Lobbying for the banks
As President of the 120-year-old Canadian Bankers Association (CBA), Terry Campbell, MA’77, is one of Canada’s most visible and powerful lobbyists. He speaks on behalf of 52 domestic banks, foreign bank subsidiaries, and foreign bank branches operating in Canada.
When he’s not trying to persuade the federal Ministry of Finance to give the banks more powers – say, to enter the auto leasing business or to sell insurance online -- he’s busy defending their positions in the media.
Canadians traditionally knock the Big Six “Schedule One” banks for everything from their service charges to credit card rates and executive pay rates. Yet in recent years, the drumbeat of criticism has faded. As the CBA website notes, 85 per cent of Canadians express confidence in the Canadian banking system, while 92 per cent agree that the strength of the large Canadian banks is critical to the overall health of the economy.

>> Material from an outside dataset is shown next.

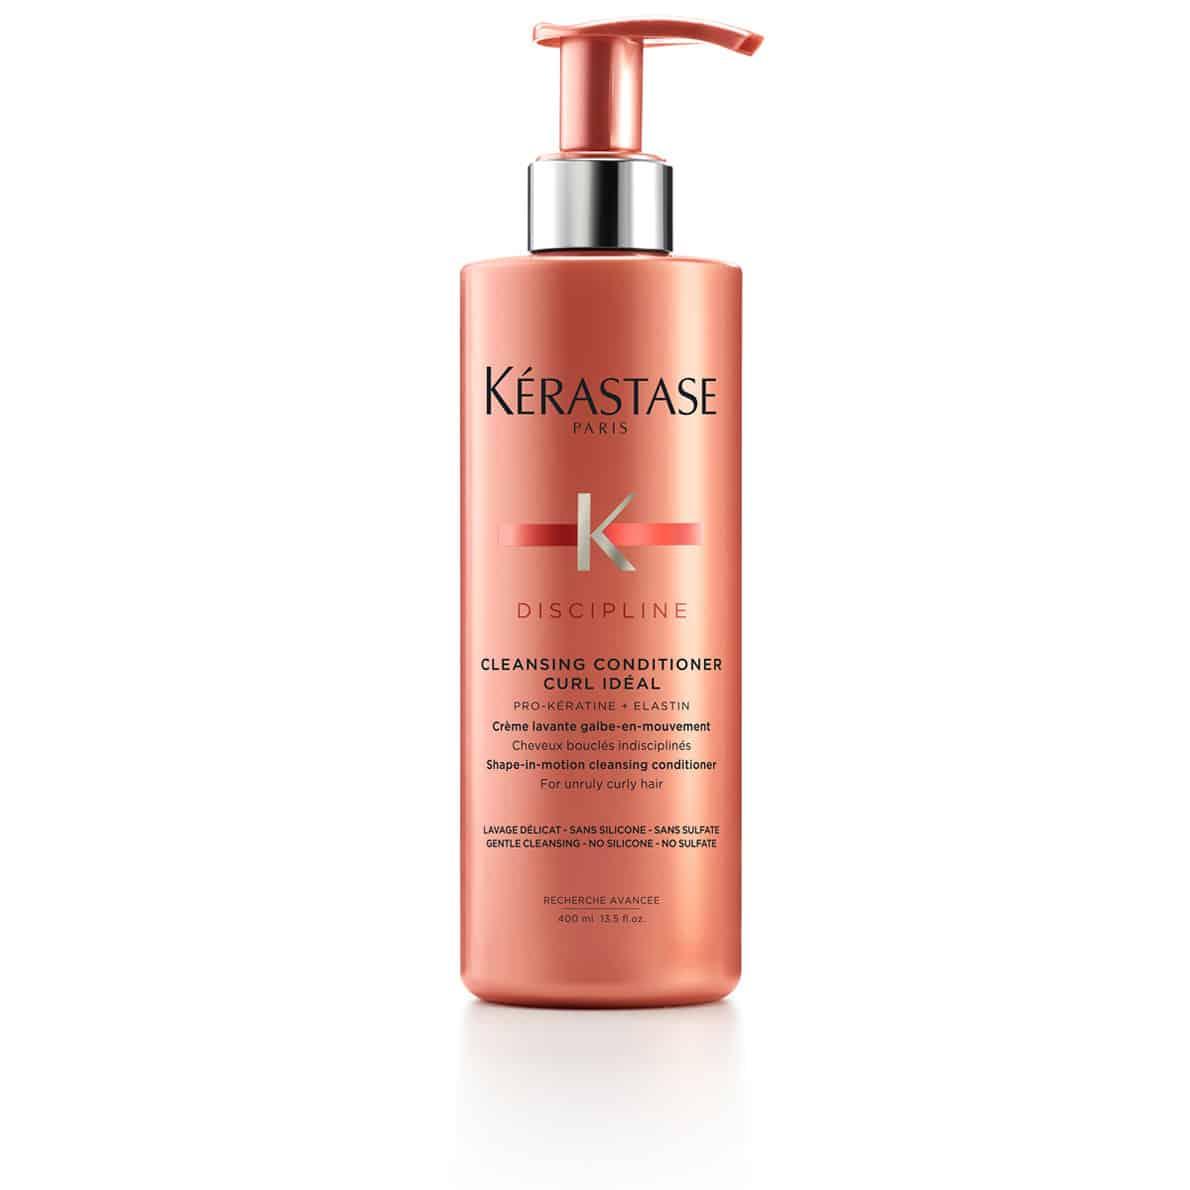 kerastase cleansing conditioner curl ideal

That strength was most evident during the global financial meltdown that began in August 2008. “I think the Canadian public is aware that we came through the financial crisis better than banks elsewhere,” says Terry. “We kept lending when other institutions pulled up stakes and left Canada. There were no failures of Canadian banks.” Although the US government’s bail-outs of some major banks were huge and highly controversial, Terry notes that “no Canadian banks needed a financial injection.”

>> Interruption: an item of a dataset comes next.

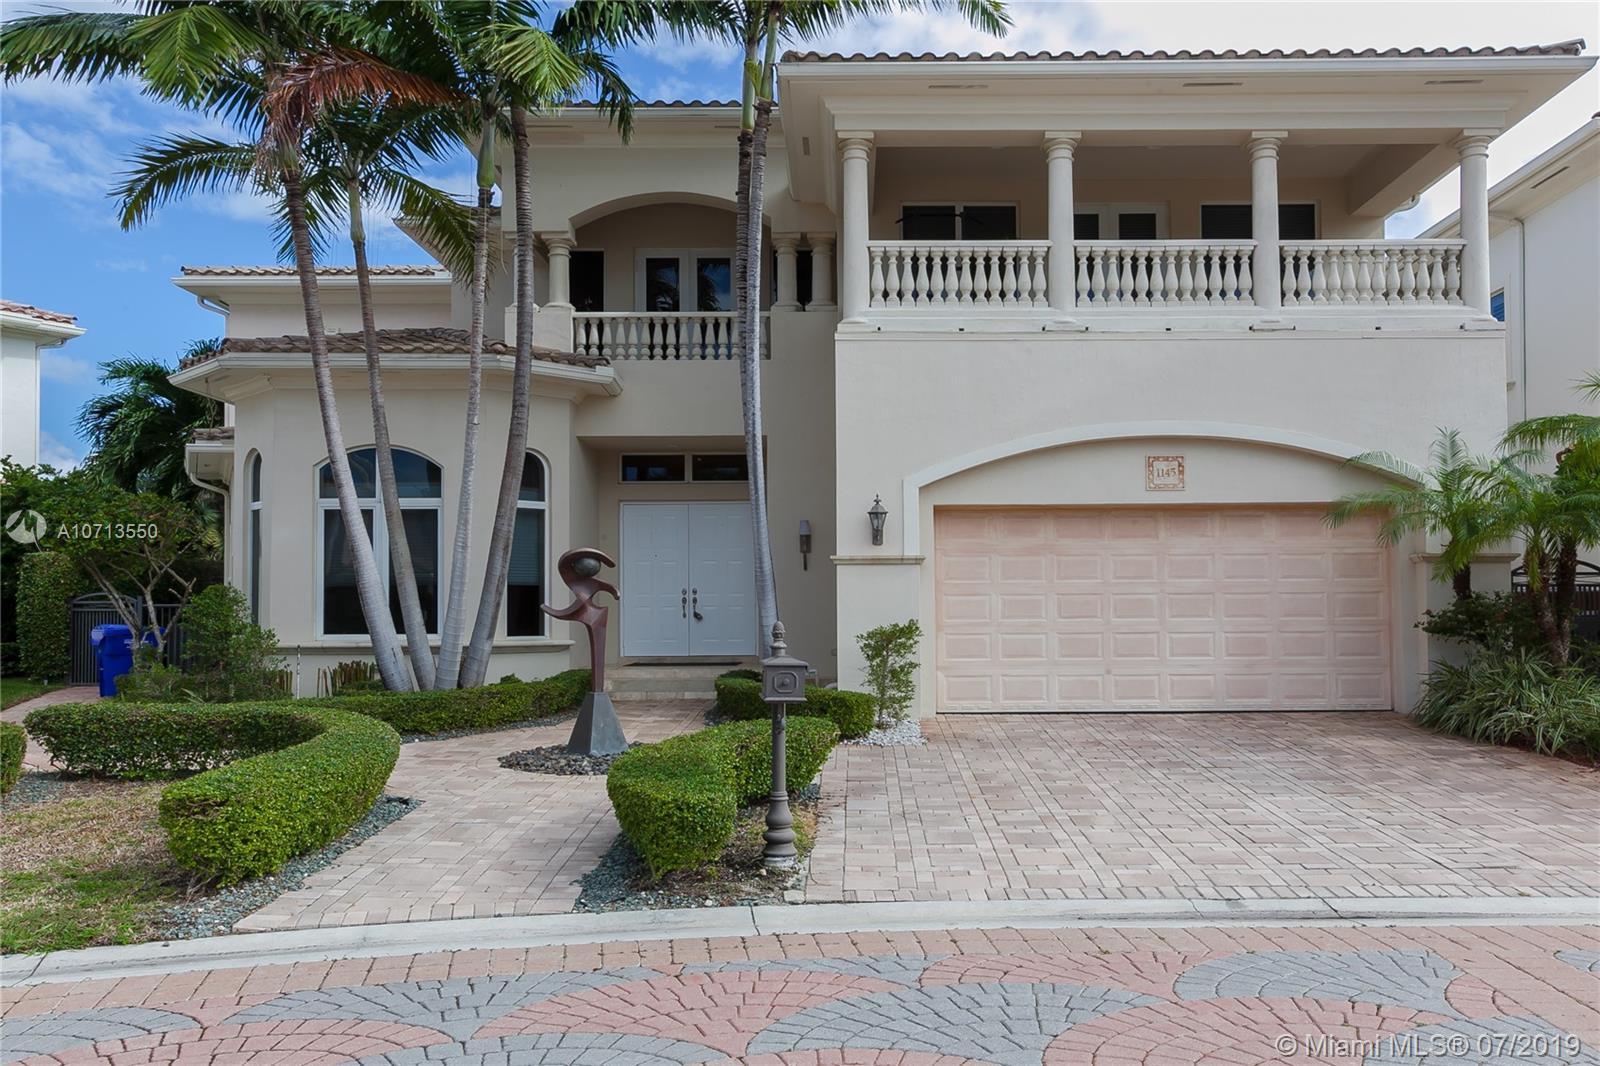 1145  Hatteras LN  For Sale A10713550, FL

Still, the bank-bashers are quick to pounce. When Ottawa recently announced plans to bolster retirement savings (for those not able to pay into CPP) by having banks offer Pooled Registered Pension Plans (PRPPs), critics rapped the move as a “gift” to the banks and insisted that an expansion of the Canada Pension Plan would be more useful. Terry agrees that PRPPs are “not a cure or a silver bullet for all retirement and pension-plan issues. They’re just one particular product.”
At times, Terry has to tread delicately when the CBA’s major stakeholders are themselves divided. Early in 2011, for example, only four of the Big Six banks joined the Maple Group consortium to bid for the Toronto Stock Exchange. The CBA stayed silent. “In most cases, however,” Terry insists, “we achieve a common view on public policy.”

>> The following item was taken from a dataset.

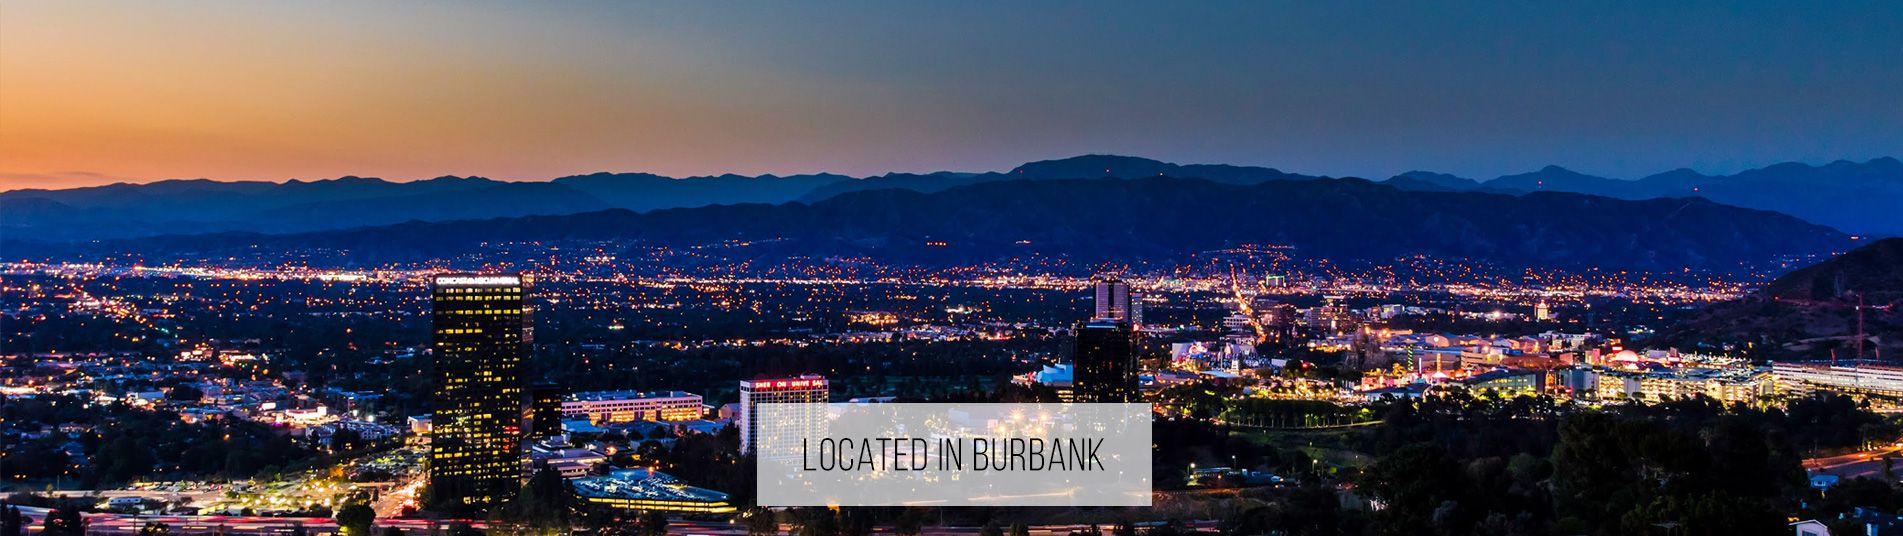 located-in-burbank

Terry, 58, was born in Parry Sound, ON, and earned an MA in history at Queen’s. He wrote his thesis on “The Political and Intellectual Thought of F.R. Scott,” the famed McGill University law professor, social-political philosopher, and poet.
Terry fondly recalls the elegance of Queen’s limestone buildings and the architecture that “seemed to have a coherent theme to it.” He also liked the seamless integration of Queen’s into surrounding Kingston. “The students weren’t isolated on a campus that was far away from where things were happening,” he recalls.
After doing contract research at Queen’s, Terry got his first full-time job at a small archive, the Multicultural History Society of Ontario, where he worked for 2½ years. This position led him to a post at Toronto’s Archives of Ontario and a 16-year career in the Ontario Public Service.
During the 1980s, he worked on policy development in various public service jobs. In 1991, when the Ministry of Financial Institutions sought a civil servant with an intimate knowledge of how policy is developed, Terry landed the job despite his lack of documented expertise in financial services. He soon was immersed in the intricacies of mortgage brokers, credit unions, trust companies and securities issues. He rose to the position of Acting Director of Financial Services Policy during 1995-97.
When the CBA recruited him to become its Director of Policy in 1997, he ended his public service career and took a “painless leap” into the banking sector, where he has been ever since. In 2001, he was promoted to Vice-President of Policy, and in March 2011 was named President. Having studied Canadian history, Terry Campbell is now helping to make it happen.